- Genre: NHL hockey telecasts
- Created by: Rogers Media Sportsnet
- Presented by: Ron MacLean
- Starring: Elliotte Friedman Kevin Bieksa Colby Armstrong
- Theme music composer: Ubiquitous Synergy Seeker
- Opening theme: "Never Stop"
- Country of origin: Canada
- Original language: English

Production
- Production locations: Rogers Building, Toronto
- Camera setup: Multi-camera
- Running time: 180 minutes or until end of the game

Original release
- Network: Sportsnet

Related
- Hockey Night in Canada (predecessor) Monday Night Hockey

= Saturday Night Hockey =

Canadian National Hockey League television series

Saturday Night Hockey is an upcoming Canadian television series featuring national broadcasts of National Hockey League (NHL) games. Produced and broadcast by Sportsnet, it is scheduled to premiere on October 3, 2026 as the successor to Sportsnet's Saturday-night broadcasts under the Hockey Night in Canada name.

Most of Hockey Night in Canadas production staff and on-air personnel have been retained. Saturday Night Hockey will be hosted by Ron MacLean, with Elliotte Friedman, Kevin Bieksa and Colby Armstrong serving as studio analysts.

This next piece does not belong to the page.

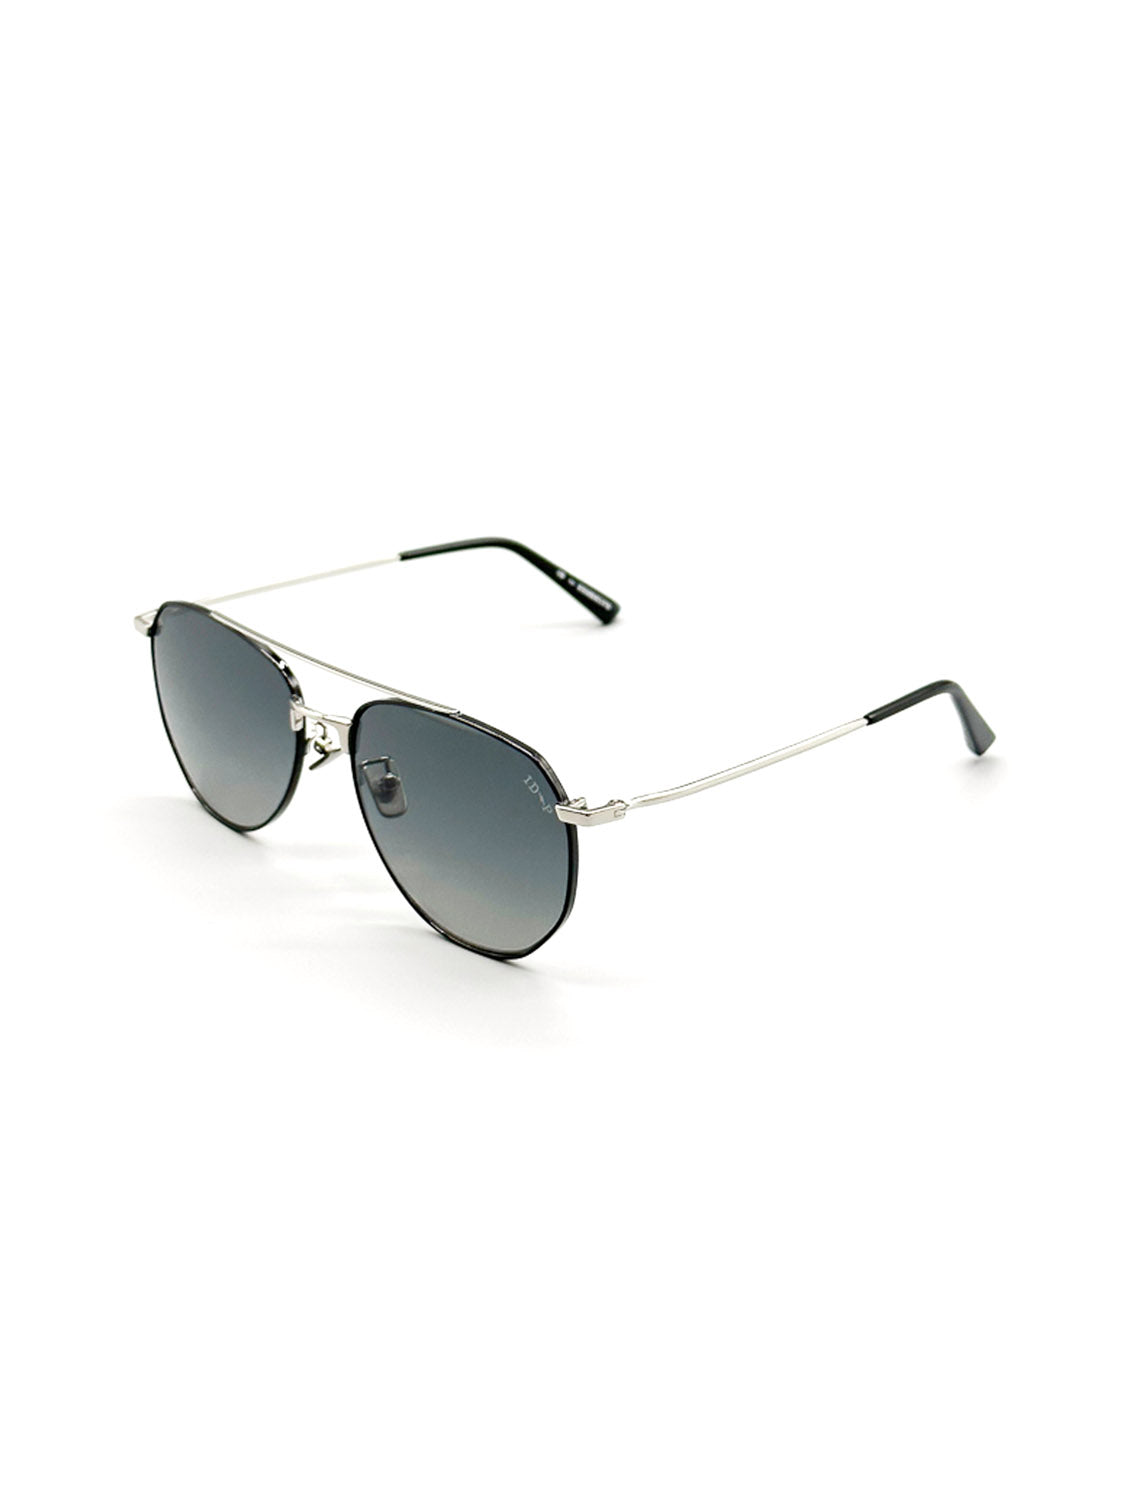 M417GG ID Polarized Sunglasses
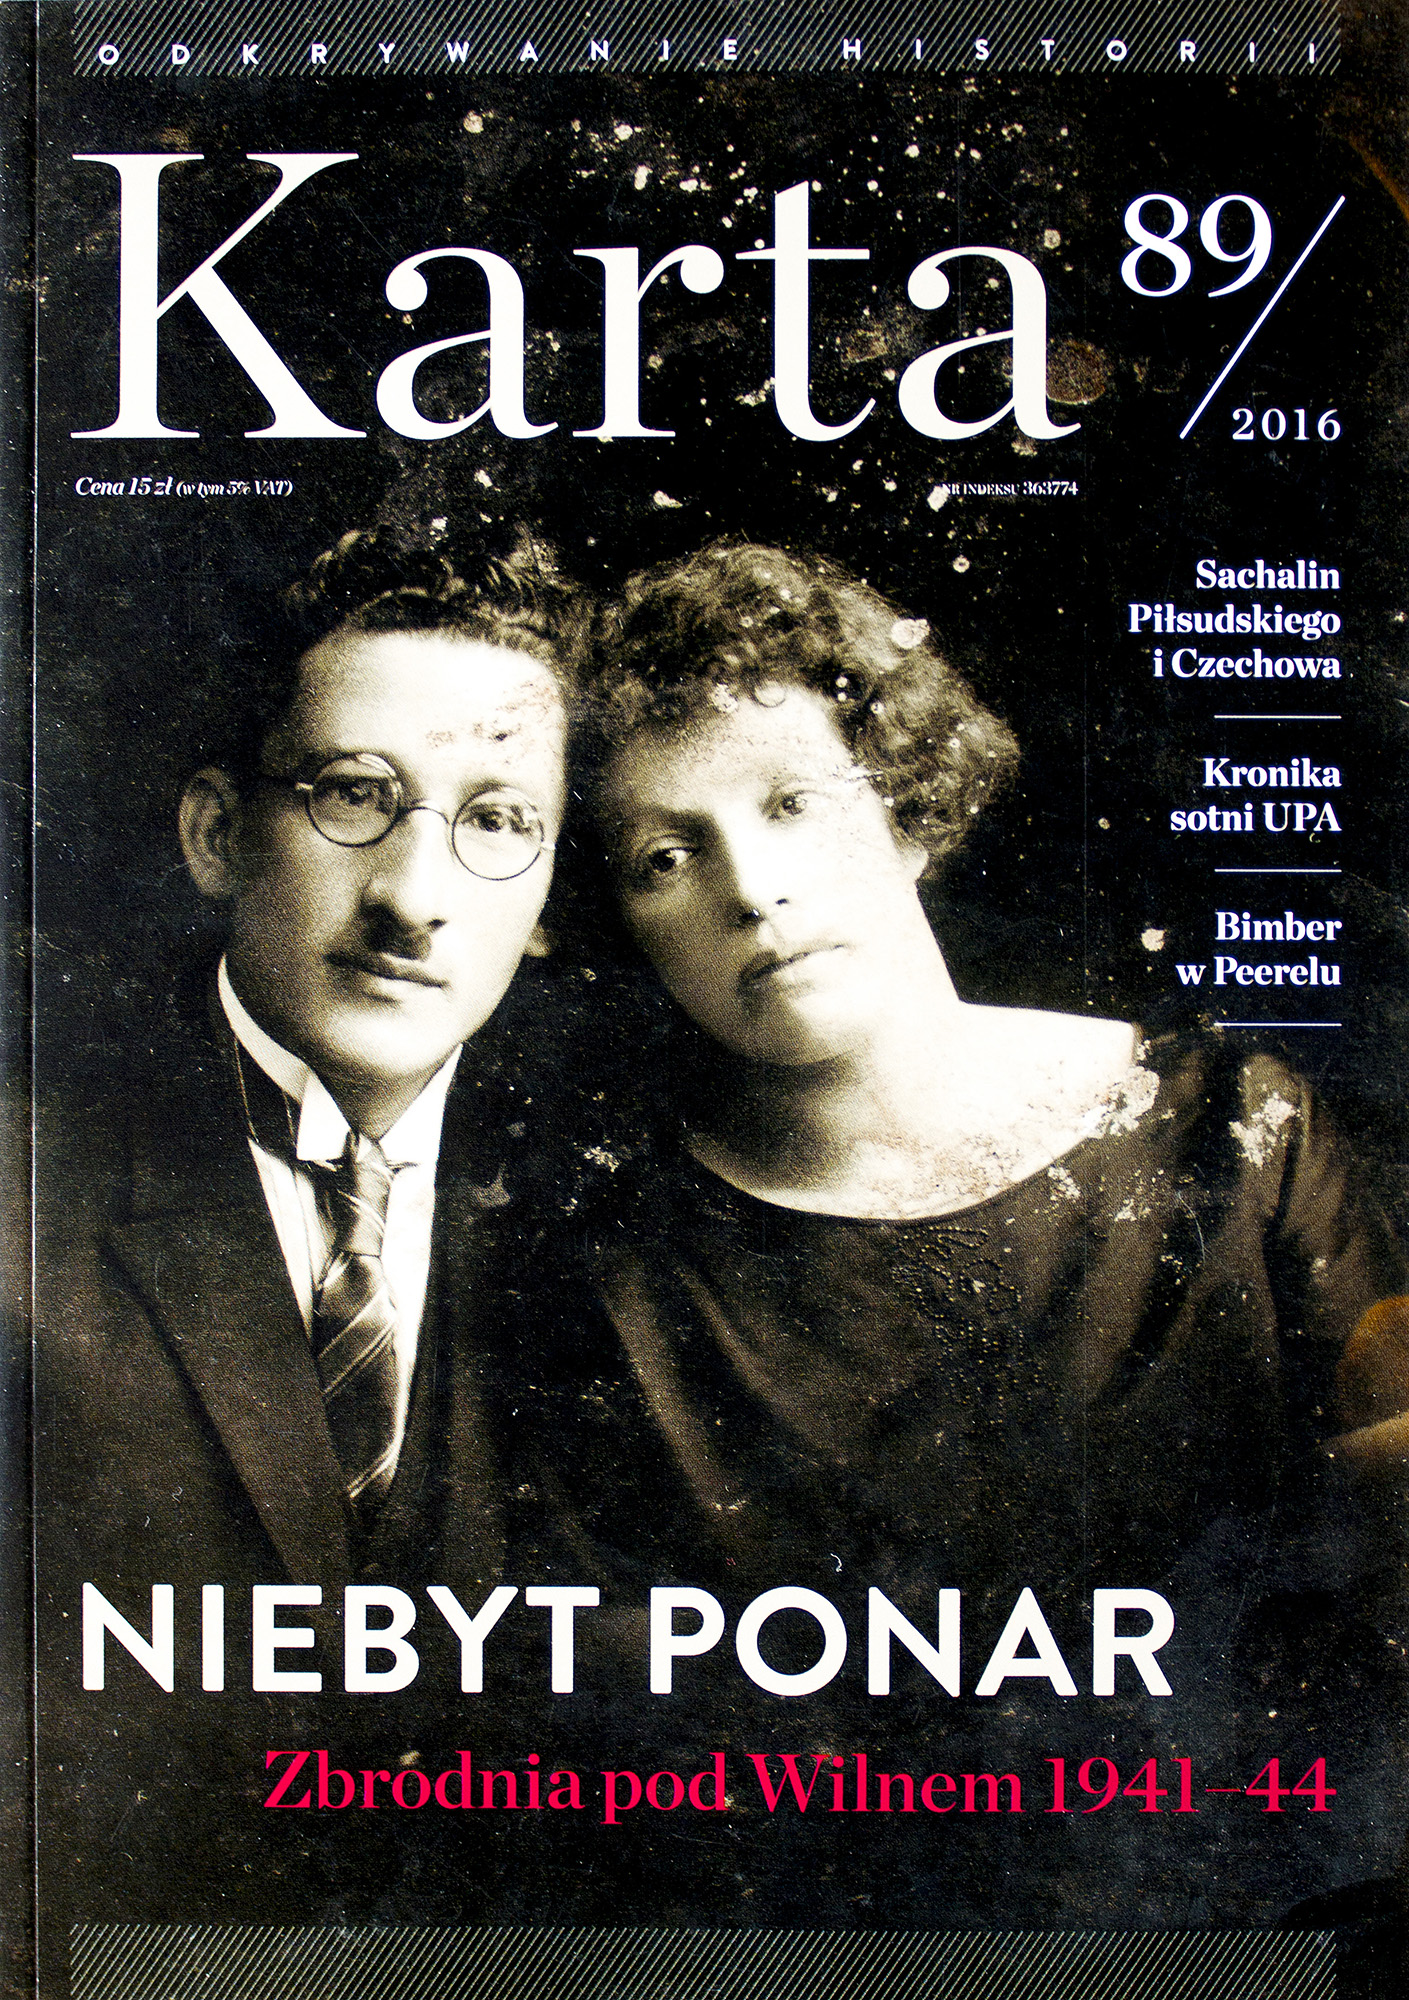  KARTA magazine no. 89/2016

Each weekly broadcast will consist of an NHL doubleheader, with at least one Canadian team appearing in each game.

Saturday Night Hockey was announced as part of Sportsnet's expanded coverage for the 2026–27 NHL season. Sportsnet stated that its national schedule would include more than 550 games, an increase of 35 per cent over the previous season, following the removal of approximately 150 regional blackouts.

==Background==
From 2014 through 2026, Sportsnet produced Saturday-night NHL broadcasts under the Hockey Night in Canada name through an agreement with the Canadian Broadcasting Corporation (CBC), which owns the trademark. The broadcasts appeared on CBC Television as well as Sportsnet and other Rogers-owned channels. CBC and Sportsnet did not renew their sublicensing agreement after the 2026 Stanley Cup playoffs, ending NHL broadcasts on CBC after the 2025–26 season. Sportsnet subsequently introduced Saturday Night Hockey as its new flagship Saturday-night series.